Data shown:
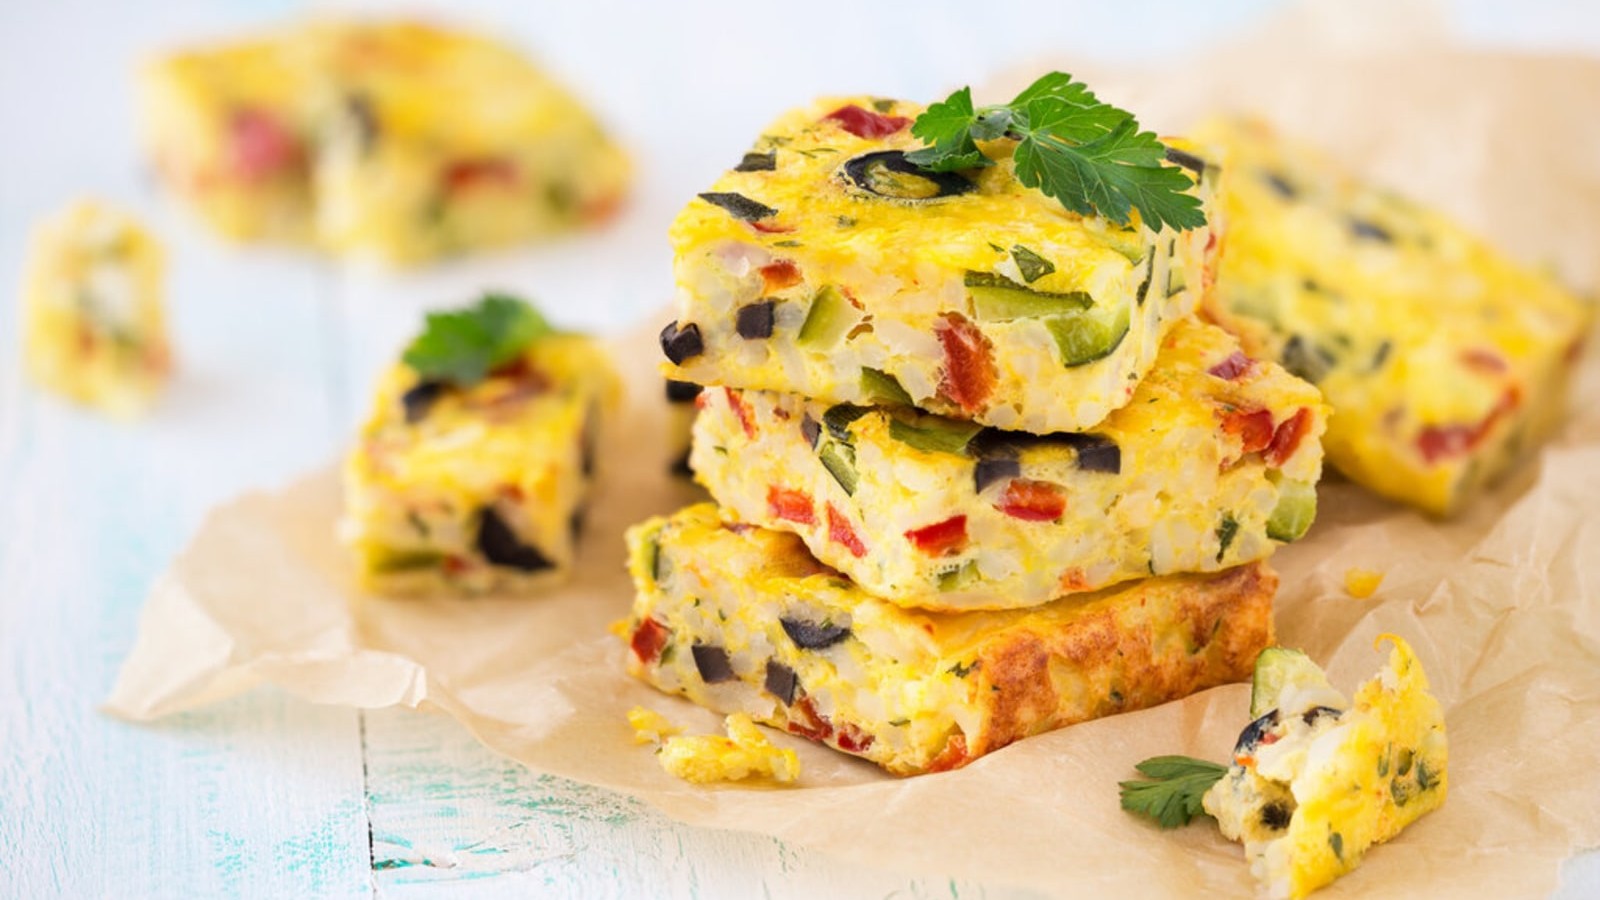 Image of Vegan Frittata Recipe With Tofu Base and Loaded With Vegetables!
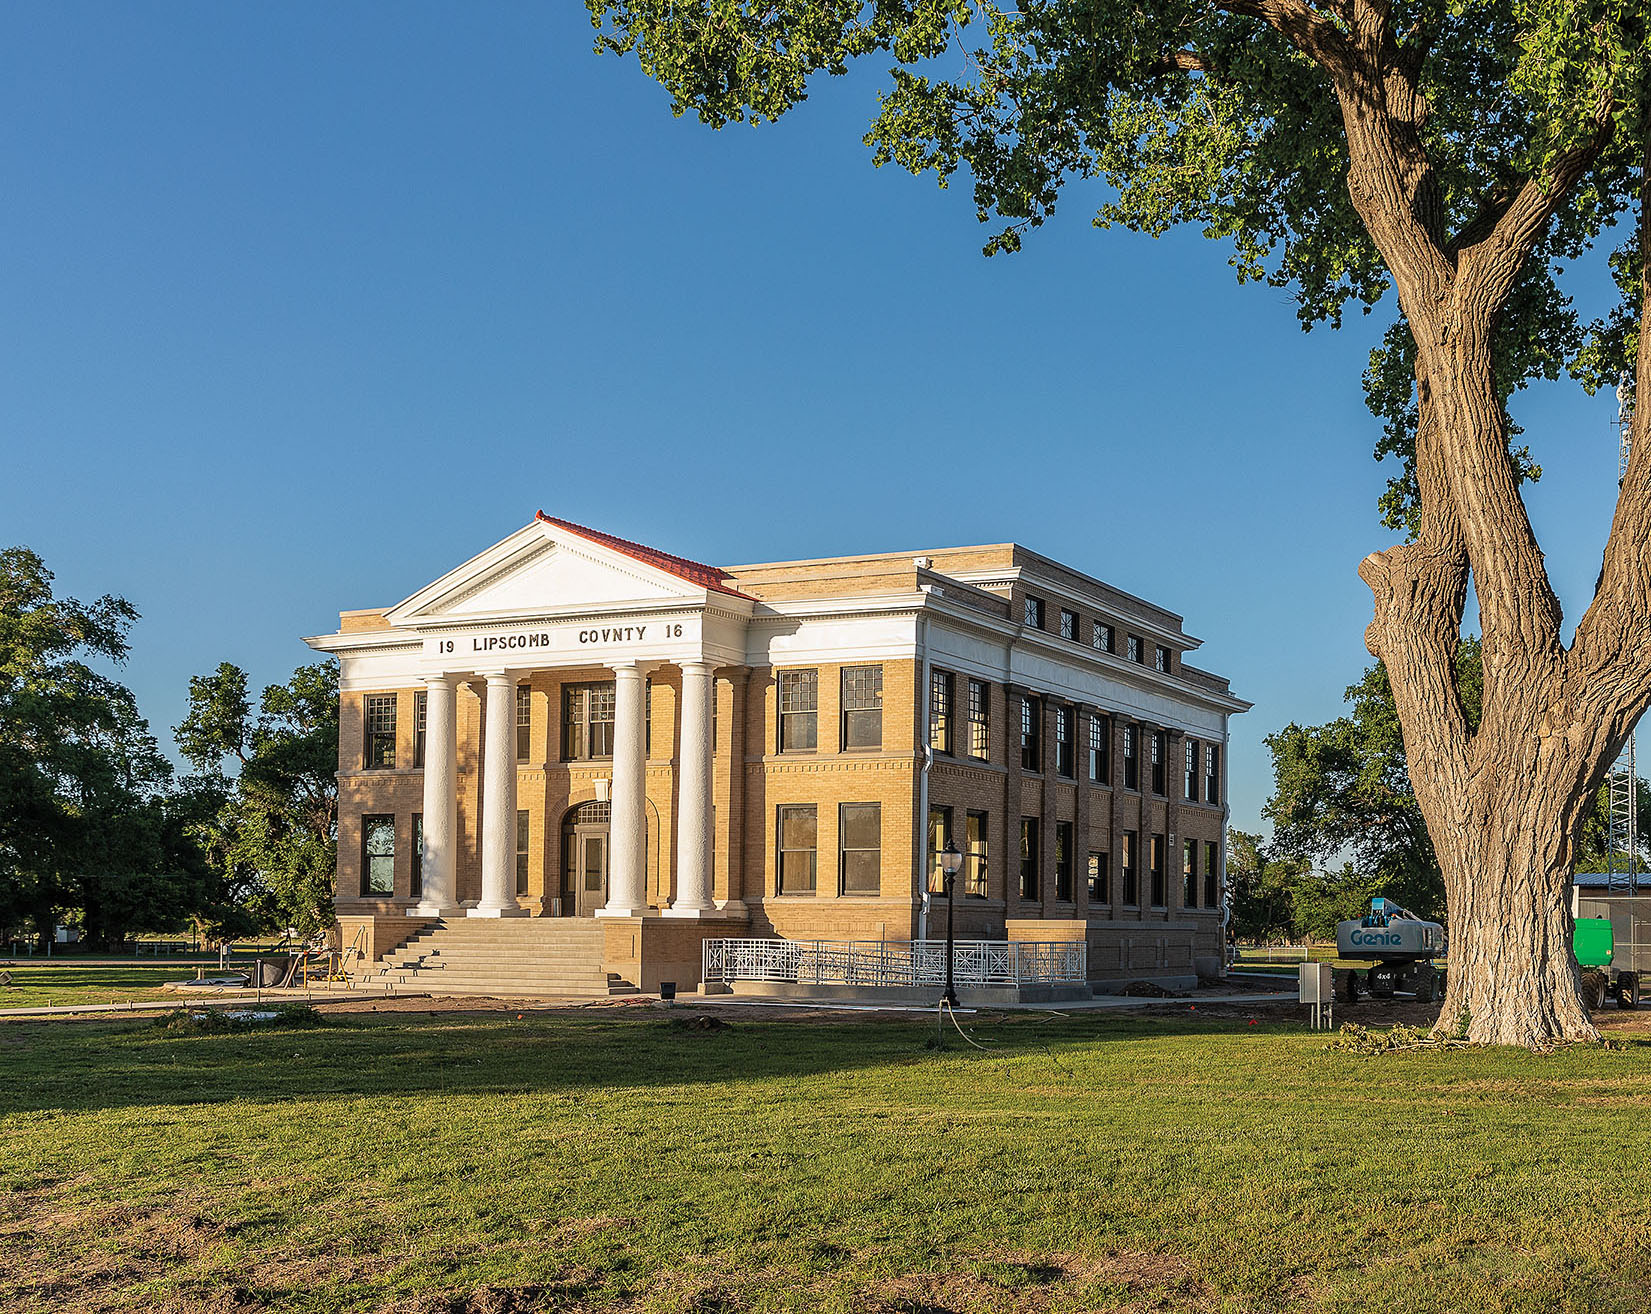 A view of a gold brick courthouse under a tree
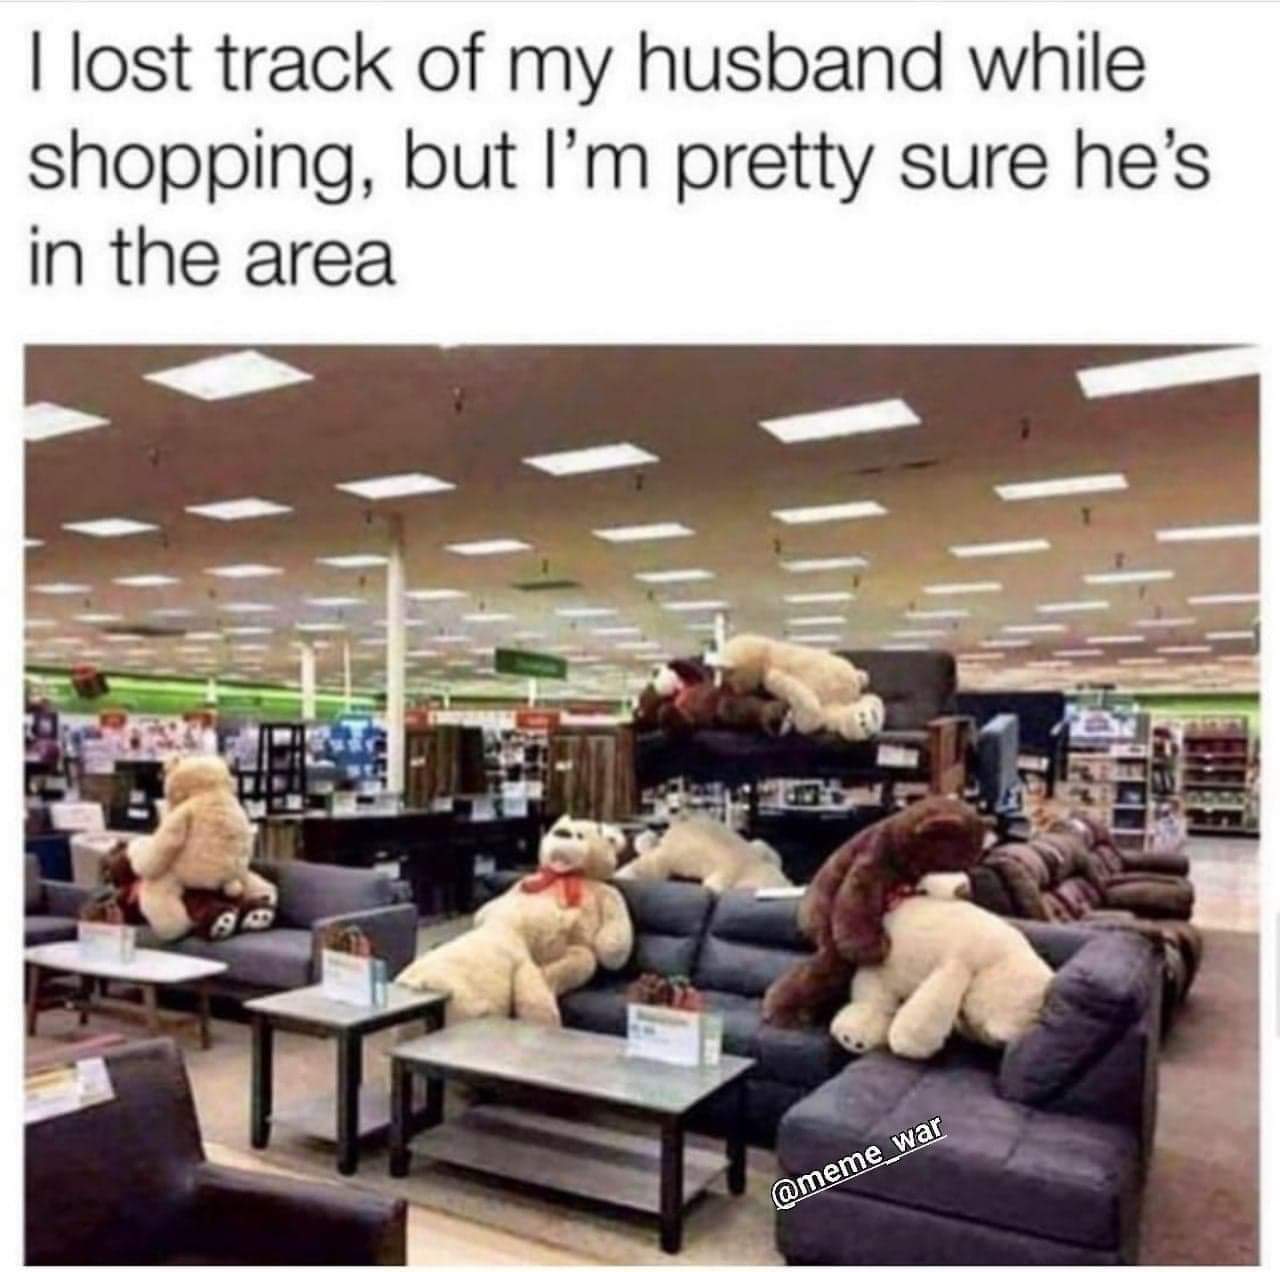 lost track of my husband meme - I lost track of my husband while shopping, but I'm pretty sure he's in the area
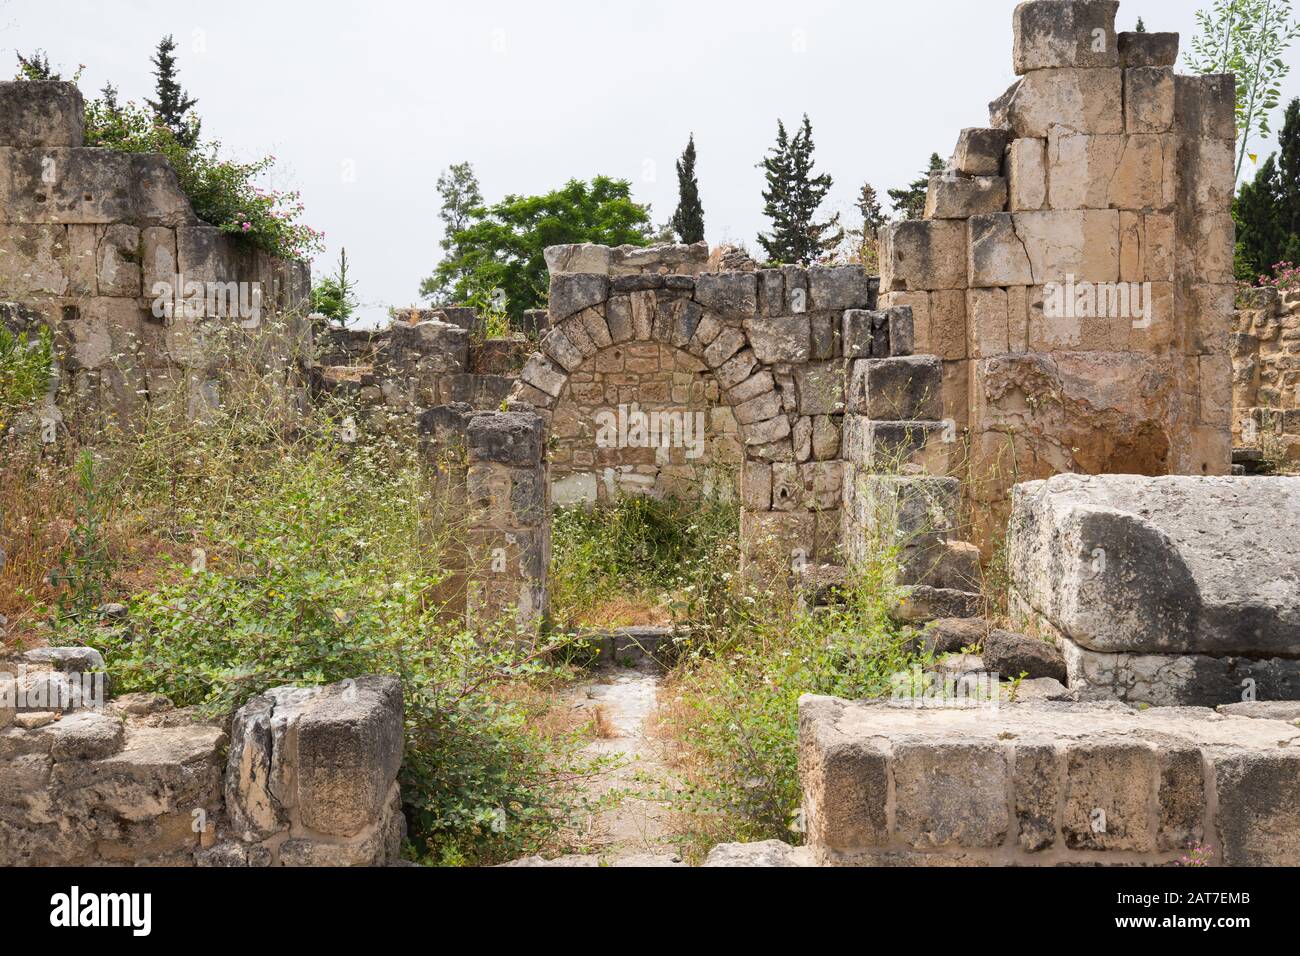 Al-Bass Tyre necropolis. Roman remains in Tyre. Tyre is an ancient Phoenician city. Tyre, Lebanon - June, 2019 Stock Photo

Exercise objective: Output exactly the lines above that lie between the line with "A view of a" and the line with "lost track of my husband meme", those two lines included, and no pictures.

Result:
 A view of a gold brick courthouse under a tree
 lost track of my husband meme - I lost track of my husband while shopping, but I'm pretty sure he's in the area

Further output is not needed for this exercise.